20. Why is Godfrey Cass unable to marry the beautiful Nancy Lammeter?
From Quiz Silas Marner
Answer: he is secretly married to another woman
This guilty secret of Godfrey Cass's is known only to his disreputable brother Dunsie, and is in fact the main reason why the latter is able to manipulate him so easily, since were their father, Squire Cass, to learn of it Godfrey would almost certainly be disinherited - and so banished forever from the company of the lovely Nancy, his delightful and eligible neighbour. Even apart from that all-important consideration, though, a disinherited Godfrey would be "almost as helpless as an uprooted tree, which, by the favour of earth and sky, has grown to a handsome bulk on the spot where it first shot upward". Like his scapegrace brother Dunsie, he has been brought up carelessly by his distinctly irresponsible father, and appears noticeably lacking in backbone as a result. Although privileged, his upbringing has not been very happy: "Godfrey's was an essentially domestic nature, bred up in a home where the hearth had no smiles and where the daily habits were not chastised by the presence of household order."
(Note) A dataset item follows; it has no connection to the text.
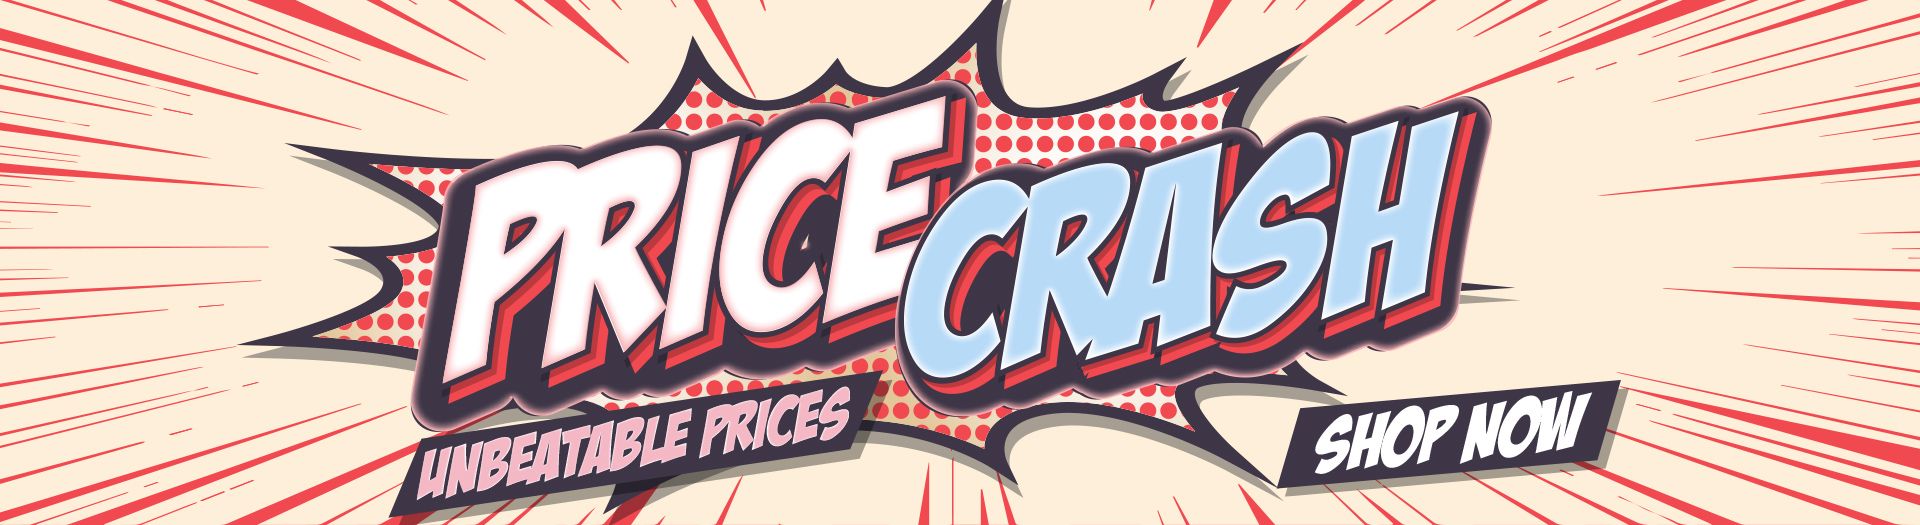 Price Crash

Godfrey's clandestine wife is a working-class girl called Molly Farren, with an addiction to laudanum: as readers we are spared the details of how this ill-matched pair first came together, but we are left in no doubt that the husband bitterly regrets a liaison which appears to have condemned him to a life of dissimulation and deceit as well as frustration and bitterness. The village cannot understand why Godfrey perpetually holds back from proposing marriage to Nancy Lammeter, as it would appear to be in the interests of both parties for such a match to be confirmed. For one thing, the Red House, where the widowed Squire lives with his four sons "a domestic life destitute of any hallowing charm", is desperately short of a woman's touch. The whole village would benefit, too, from a marriage between the two: "If she could come to be mistress of the Red House, there would be a fine change, for the Lammeters had been brought up in that way, that they never suffered a pinch of salt to be wasted ... such a daughter-in-law would be a saving to the old Squire, if she never brought a penny to her fortune, for it was to be feared that, notwithstanding his incomings, there were more holes in his pocket than the one where he put his hand in."
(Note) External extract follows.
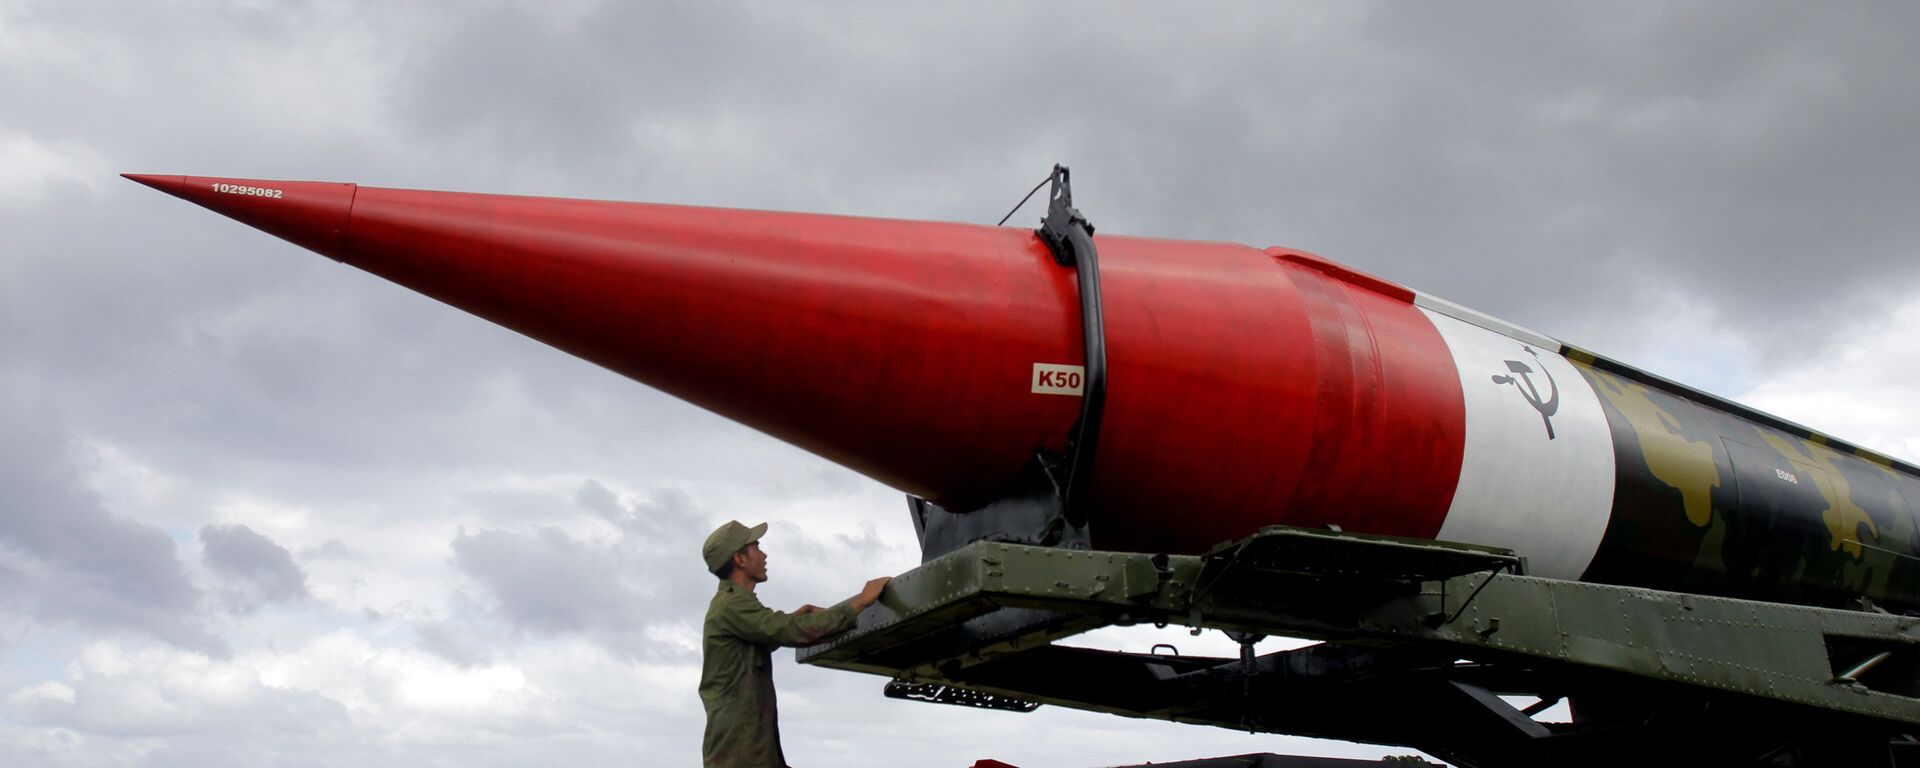 Misil soviético vacío de los tiempos de la crisis de los misiles del Caribe, expuesto en el complejo militar Morro Cabana en La Habana, Cuba (archivo) - Sputnik Mundo, 1920, 15.10.2022

Squire Cass, who epitomises what David Carroll calls "the aimless, indulgent and bored life of the rural landowners", proudly and cynically toasts the "glorious war-time which was felt to be a peculiar favour of Providence towards the landed interest". In Raveloe, he is a big fish in a small pond - but with historical hindsight George Eliot's readers will have known that times were changing, and that his type would quickly die out after the end of the Napoleonic Wars with the fall in the price of grain and England's rapid development as a manufacturing nation: the Squire's careless spendthrift ways would no longer pass muster then. Nothing, it appears, could turn things round at the Red House more expeditiously than the presence there of Nancy Lammeter, whose hands "bore the traces of butter-making, cheese-crushing, and even still coarser work", in keeping with the hard-working, clean-living spirit of her family: she, her widowed father and her down-to-earth sister Priscilla are all portrayed in the novel with sympathy and even tenderness. What's more, she could hopefully make a man out of the physically strong and muscular, but also infuriatingly weak-willed and vacillating, heir to the estate!